The government said the move followed a request by the Tigray regional state interim administration that was assigned by the federal government after the ouster of the Tigray People's Liberation Front (TPLF), which used to rule the region.
However, the Ethiopian government on late Friday said the situation in Tigray and the unilateral humanitarian ceasefire declared by the government, including the need to enhance all-inclusive national dialogue, have been the major preoccupying issues of late.
"Regrettably, the TPLF has failed to reciprocate," the Ethiopian Ministry of Foreign Affairs said in a statement, adding that the group "chose to launch new attacks in neighboring regions of Afar and Amhara, which left more than 300,000 people displaced and thousands dead."

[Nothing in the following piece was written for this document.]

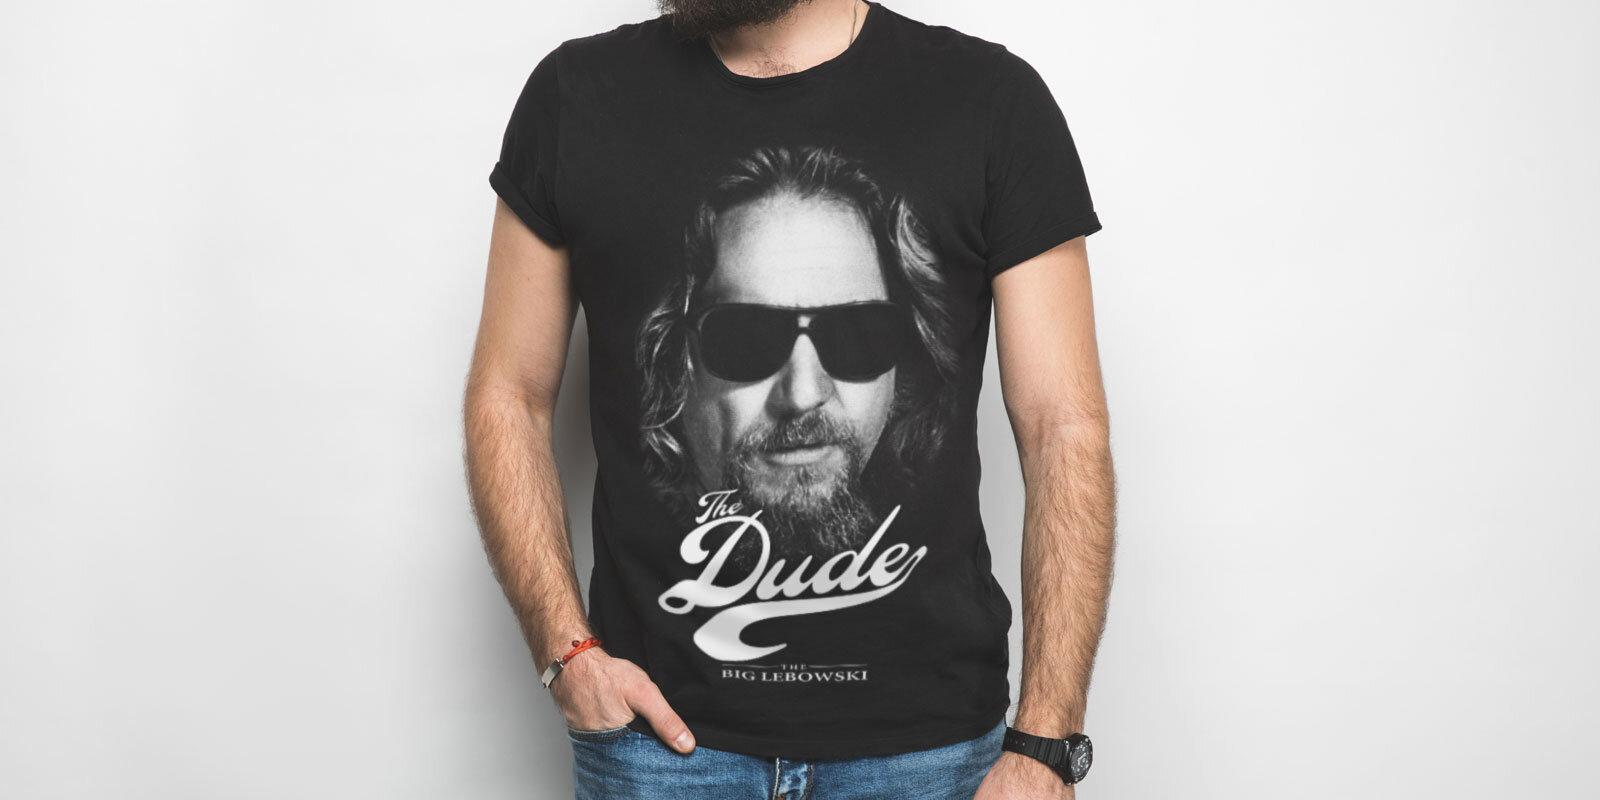 https://www.shirtstore.dk/pub_docs/files/Man/MAN-HalfLeft-Lebowski.jpg

"Cognizant of its moral, legal, and political obligation to defend the territorial integrity and sovereignty of the state, the federal government is being pushed to mobilize and deploy the entire defensive capability of the state if its humanitarian overtures for a peaceful resolution of the conflict remain unreciprocated," it said.
The Ethiopian House of People's Representatives, the lower house of the Ethiopian parliament, had previously designated the TPLF as a terrorist organization.
Since the early hours of Nov. 4, the Ethiopian government has been undertaking military operations against the TPLF.